В тяжелые и грозные дни осени сорок первого года, когда немецкие полчища рвались к Москве, летчики полка грудью встали на защиту родной столицы. По нескольку раз в сутки экипажи вылетали навстречу бронированным колоннам Гудериана и с низких высот бомбардировали танки, самоходные артиллерийские установки, автомашины и броневики. Ни сложные погодные условия, ни сильное противодействие вражеских истребителей и зенитных средств не смогли сдержать могучего порыва воздушных воинов, их горячего стремления любой ценой помочь разгрому врага, отстоять от фашистского нашествия родную Москву.
Никогда не изгладятся из нашей памяти удары советских бомбардировщиков по военно-политическим и стратегическим объектам, расположенным в глубоком тылу врага. Преодолевая труднейшие метеорологические фронты, сильное противодействие противовоздушной обороны противника, наши экипажи безошибочно выходили на заданные цели и метко сбрасывали по ним бомбы. И тогда горела, ярко горела земля под ногами фашистов, рушились самые сильные вражеские укрепления.
Советская Родина достойно отмечала подвиги своих крылатых сынов. За мужество, отвагу и высокое боевое мастерство все наши летчики, штурманы, стрелки-радисты и воздушные стрелки неоднократно награждались боевыми орденами и медалями. А лучшие из нас, самые мужественные и отважные, такие, как Василий Малыгин, Николай Крюков, Василий Щелкунов, Анатолий Иванов, Владимир Иконников, Антон Шевелев, Иван Симаков, Иван Федоров и Федор Брысев, удостоены высшей награды Отчизны звания Героя Советского Союза.
Помнится, мы базировались на живописном берегу [195] Волги, когда услышали радостную весть о присвоении нашему полку звания гвардейского. Так же, как сейчас, на огромном поле аэродрома мы стояли в парадном строю. Наш командир подполковник Трехин получал из рук члена Военного совета авиации дальнего действия генерала Г. Гурьянова гвардейское Знамя. Приняв Знамя и поцеловав его, командир вышел с ним и перед строем преклонил колено. Мы тоже встали на колено. Потом Трехин, чеканя каждое слово, стал произносить слова гвардейской клятвы. И все мы дружно, как один человек, повторяли слова клятвы. И командир, и мы думали в то время об одном о нашей грядущей победе, мы непоколебимо верили в окончательный разгром фашизма.
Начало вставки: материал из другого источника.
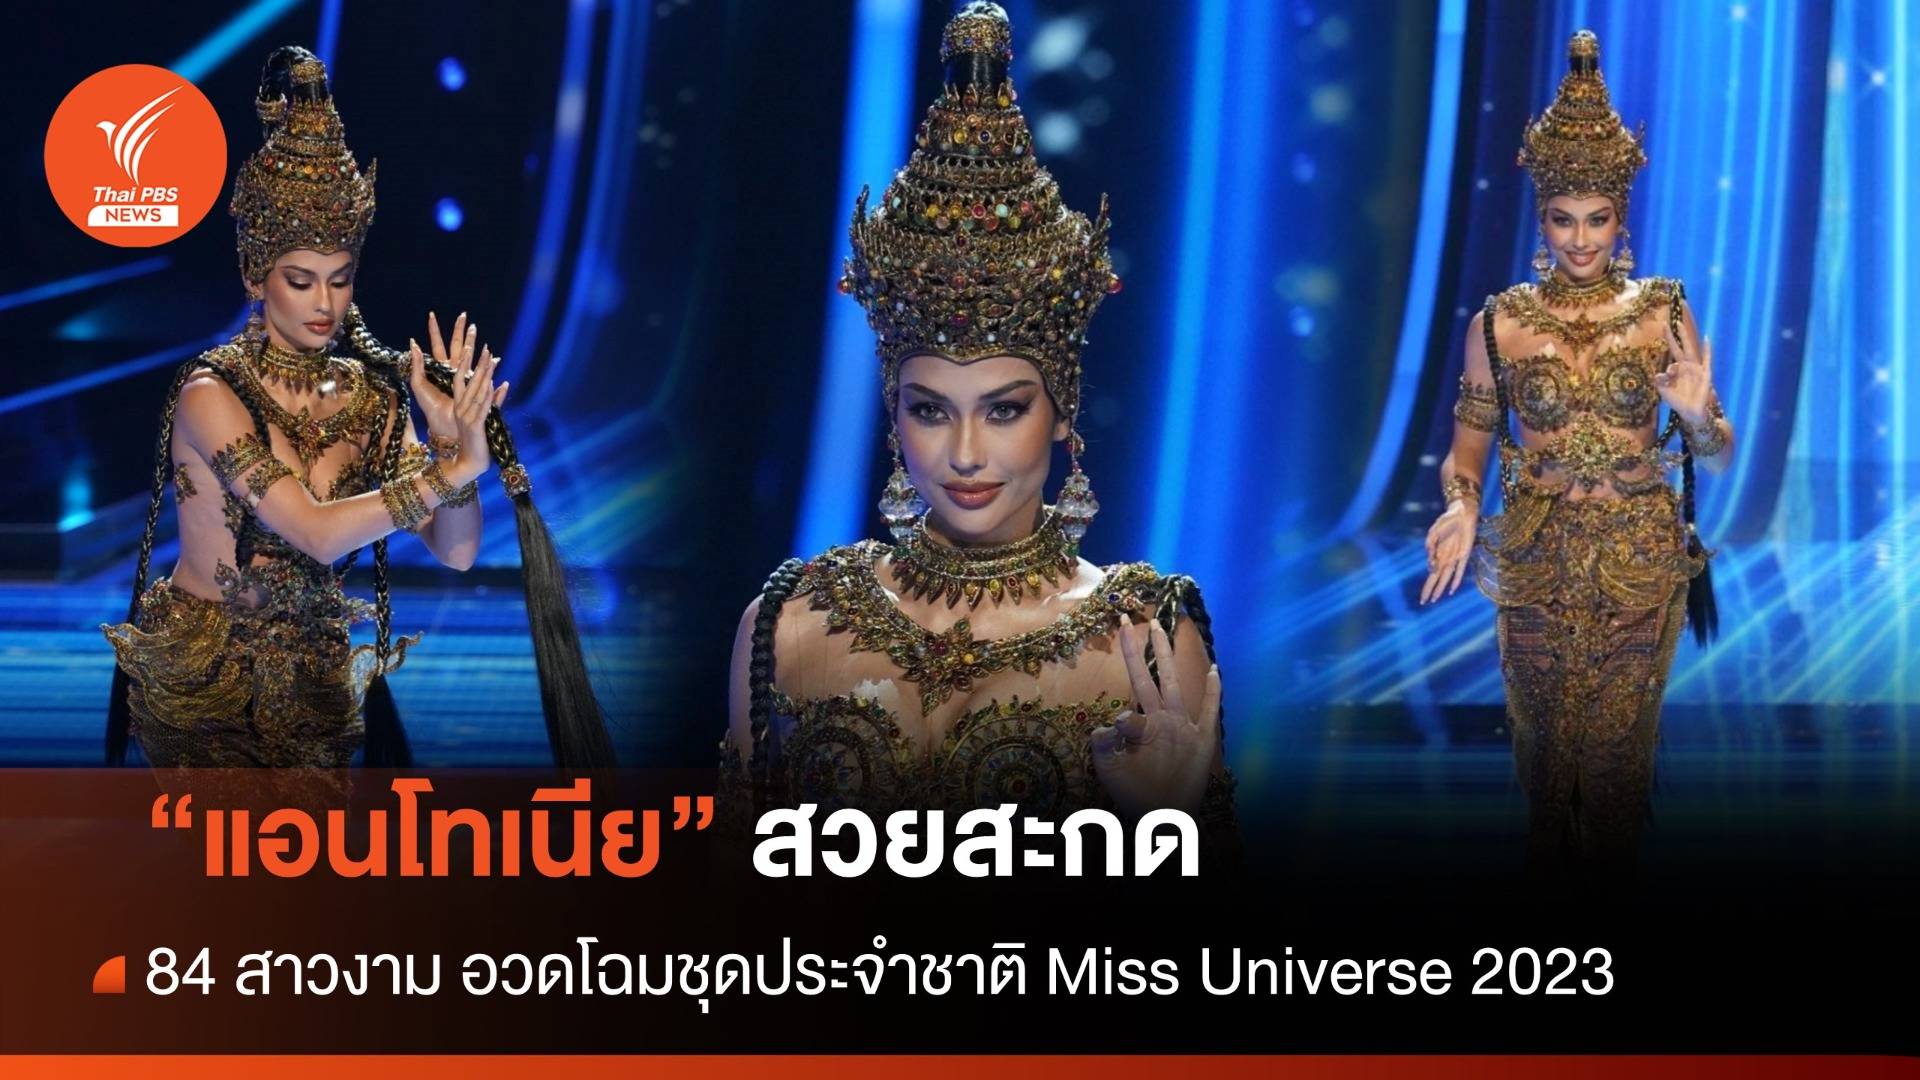 "แอนโทเนีย" สวยสะกด อวดโฉมชุดประจำชาติ เวที Miss Universe 2023 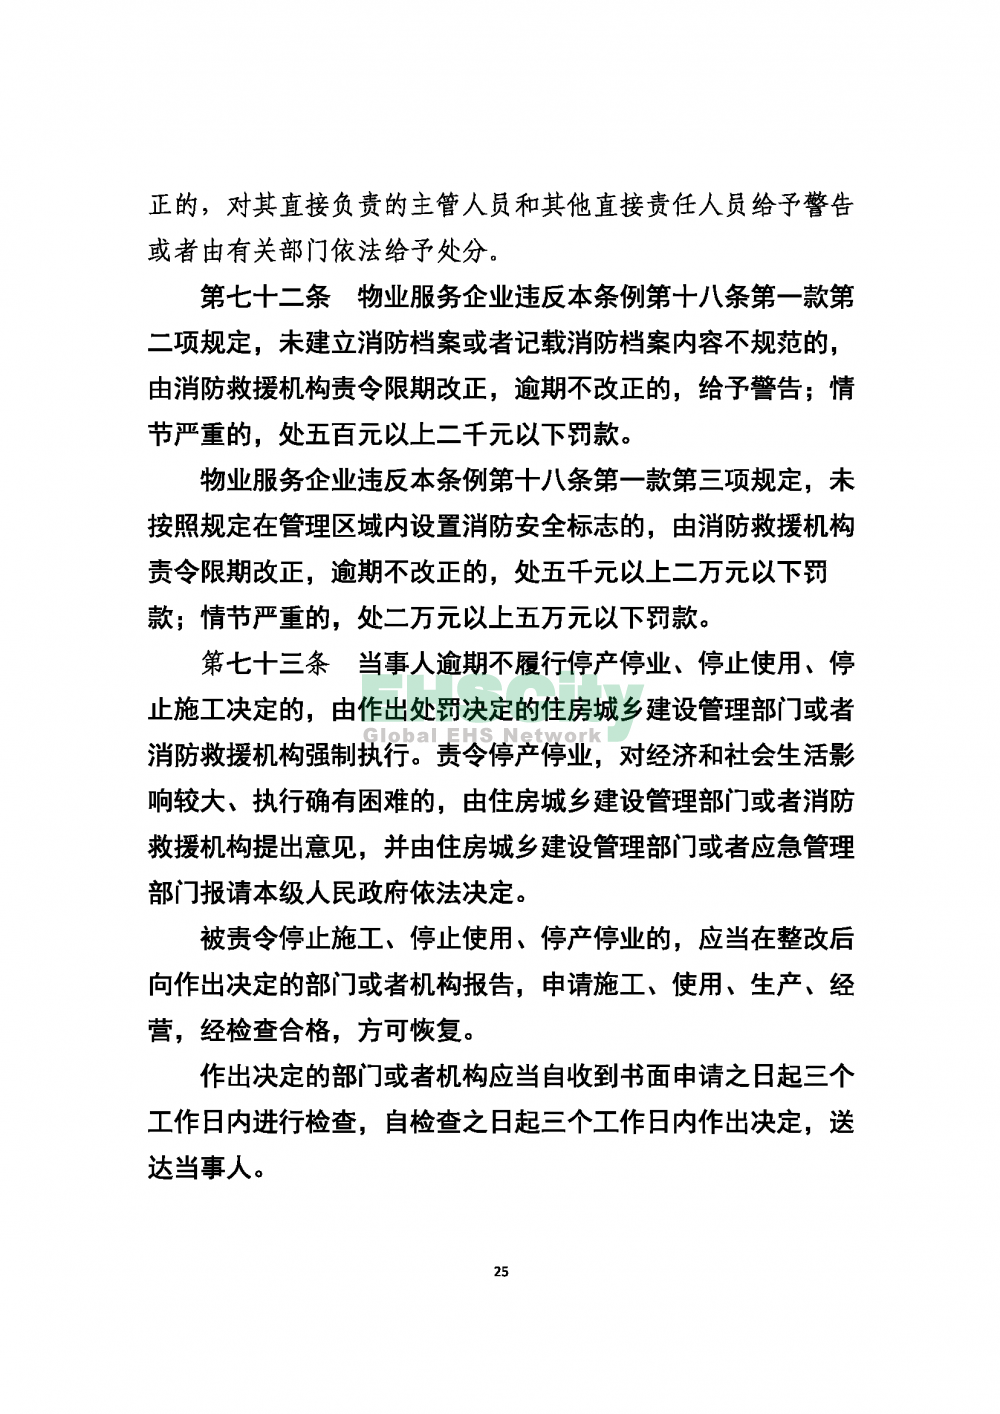 2020版上海消防条例_页面_25

Мы были уверены, что в конце войны непременно побываем в логове гитлеровцев в Берлине. Да, мы клялись в этом и сдержали свою клятву. Гордо пронесли наши летчики гвардейское Знамя от Волги до Шпрее дорогой немеркнущей славы, сквозь пламя пожарищ, через многие самые, казалось бы, непреодолимые линии укреплений врага.
И вот перед гвардейским Знаменем стоят прославленные ветераны полка Щелкунов и Трехин, Иванов и Уромов, Федоров и Штанько, Иконников и Касаткин, Леонтьев и Кротов. Сюда, на освобожденную от фашистов землю, принесли они свою ненависть воинов жгучую, как расплавленная сталь. Каждый из них может рассказать о многом из пережитого на трудной военной дороге от Сталинграда до Берлина.
...Гвардии капитан Иконников родом из Свердловска. На Урале окончил аэроклуб, летную школу. Он был молодым летчиком, когда началась война. В воздух, навстречу наступающему врагу, Икоников и его боевые друзья уходили с рассвета. Летчику хорошо помнится один из полетов на бомбометание скопления танков в районе города Вильнюс. Эскадрилья за эскадрильей выходили на танки, летчики сбрасывали по ним фугасные и зажигательные бомбы. Экипаж Иконникова как-то изловчился и сбросил серию фугасок и зажигалок в гущу танков. Прямым попаданием бомб он поджег сразу два танка, которые, словно факелы, стали ярко гореть. Другие экипажи тоже подбили и зажгли несколько танков. Не успели бомбардировщики отойти от места удара, как на них набросились вражеские истребители. Завязался жаркий воздушный бой, в котором стрелок-радист и штурман [196] экипажа Иконникова сбили один «мессер». За действиями молодого летчика в полете наблюдал заместитель командира эскадрильи капитан Голубенков. После посадки он подозвал к себе Иконникова и дружески ему сказал:
Так держать, лейтенант!
И Володя Иконников с честью и достоинством выполнял наставление бывалого летчика. Каждый его полет образец бесстрашия и мужества. Однажды после бомбометания переправы у города Даугавпилс на его самолет неожиданно напали два «мессершмитта». Иконников не растерялся. Используя редкую кучевую облачность, он время от времени скрывался в ней. Но вражеские летчики неотступно преследовали краснозвездный самолет, близко подходили к нему, В какой-то момент стрелок-радист экипажа меткой пулеметной очередью поджег один истребитель. Но второй стервятник, заметив, что впереди по курсу полета бомбардировщика облачность обрывается, как коршун, набросился на машину и стал клевать ее. Вскоре воздушный корабль загорелся. Иконников, имитируя падение, резко повел самолет к земле. Потом лейтенант хладнокровно вывел объятый пламенем самолет в горизонтальный полет и приказал экипажу покинуть его, используя парашюты. Сам он выбросился последним.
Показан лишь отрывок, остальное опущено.